Re: A Few Standard Folders [Re: Structure in $HOME]
- From: Todd Kulesza <todd dropline net>
- To: Seth Nickell <snickell stanford edu>
- Cc: desktop-devel-list gnome org
- Subject: Re: A Few Standard Folders [Re: Structure in $HOME]
- Date: Tue, 14 Jan 2003 00:10:25 -0500
Seth Nickell wrote:
And who has to set the GConf key? (Serious question, not trying to throw
stones) Is your suggstion that to get a localised desktop, non-English
speakers are expected to go set 5 or 6 "folder names" to be folder names
in their native language rather than English? Or would they
automatically be set this way if you login for the very first time in a
non-English locale? Or would they automatically get set whenever you
login to a non-English locale?
To keep this simple, I'm just going to use "Documents" as an example
folder, but the idea would apply to any default folder we add.

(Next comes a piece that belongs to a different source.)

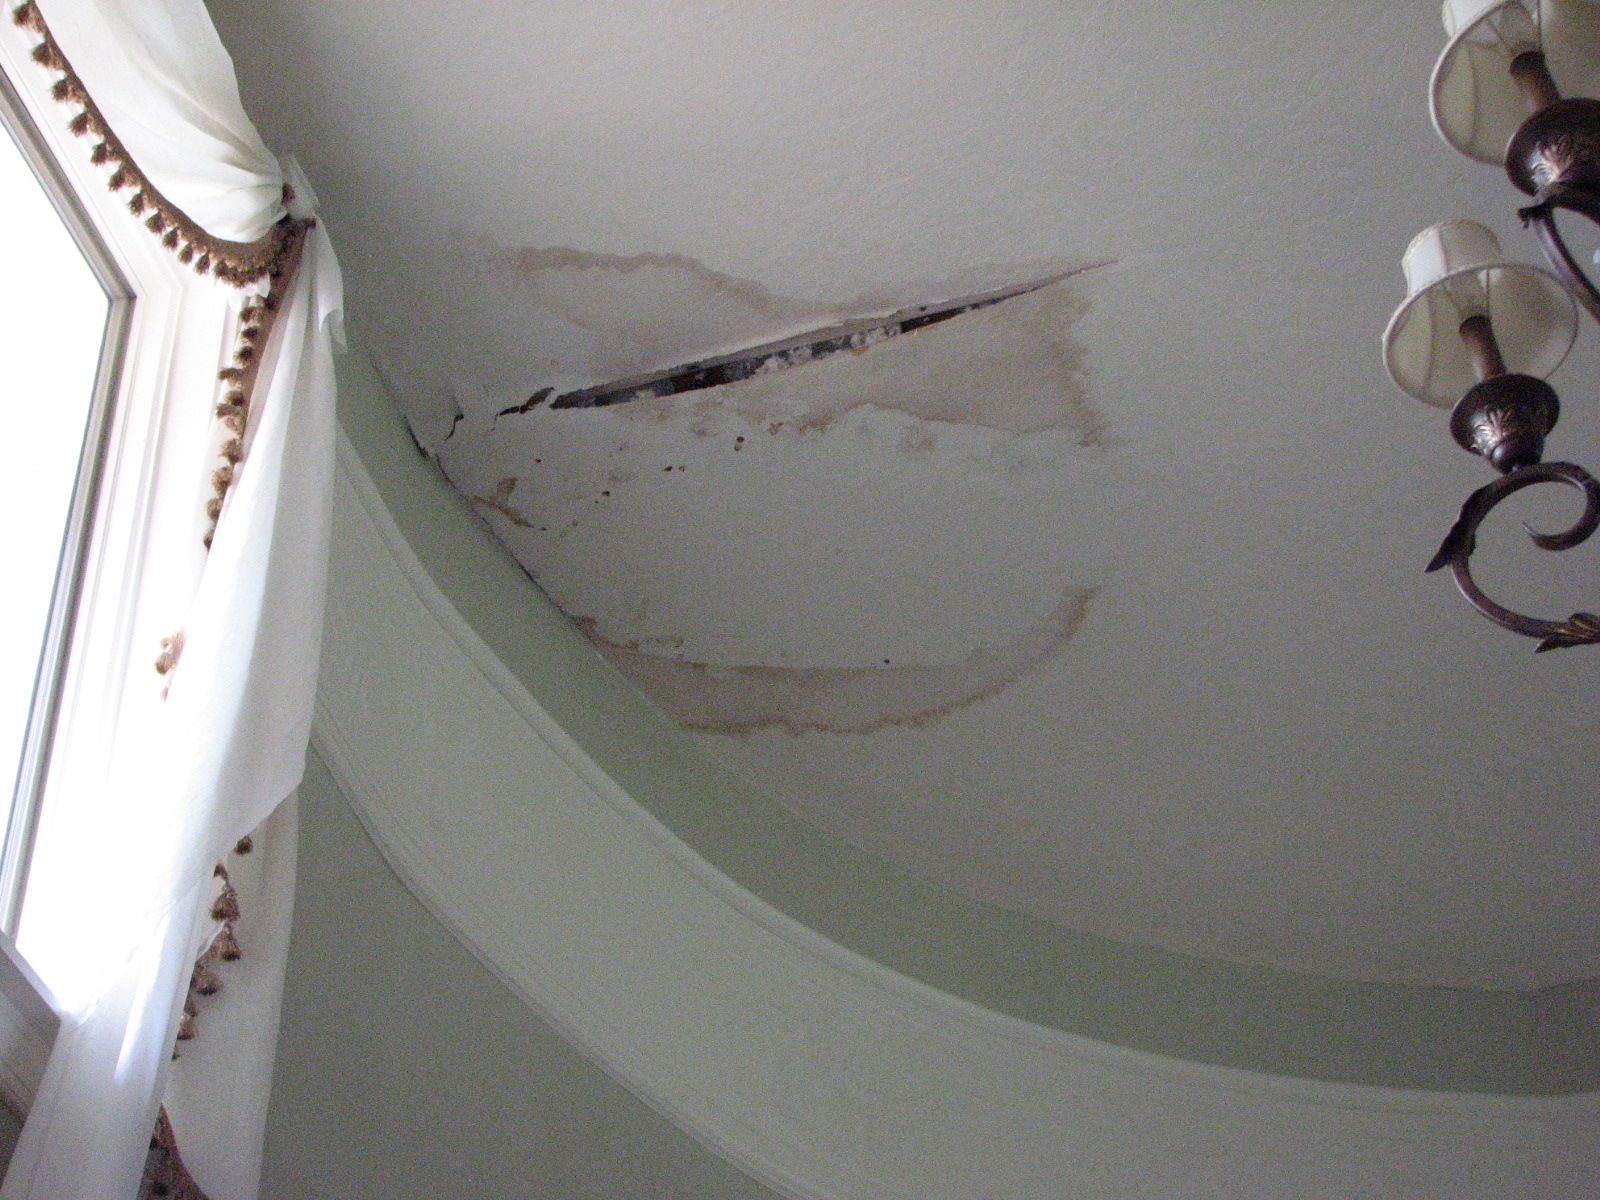 damaged ceiling drywall water repair damage repairs rain leak damp penetrating cracks roof ceilings trowel penetration causes restoration skip peckdrywallandpainting

This may be pure crack, but what if, on each login, GNOME checks for the
existance of "Documents" in the user's home directory by comparing a
list of translations for "Documents". If it finds a match that's not in
the user's current locale, and no "Documents" folder is found in the
current language, it renames the folder based on the user's current
language. Then we have one GConf key to toggle this behaviour, since
obviously some people may not want it. This way, no matter what
application the person uses, that folder will show up with the correct
name. GNOME, KDE, Xlib, terminal apps, whatever--they'll all work.
I agree with you that most users won't care what language a folder is
displayed in. I think they'd see it would make perfect sense, based on
their language selection: everything else on the desktop is translated,
so why not generic folder names as well?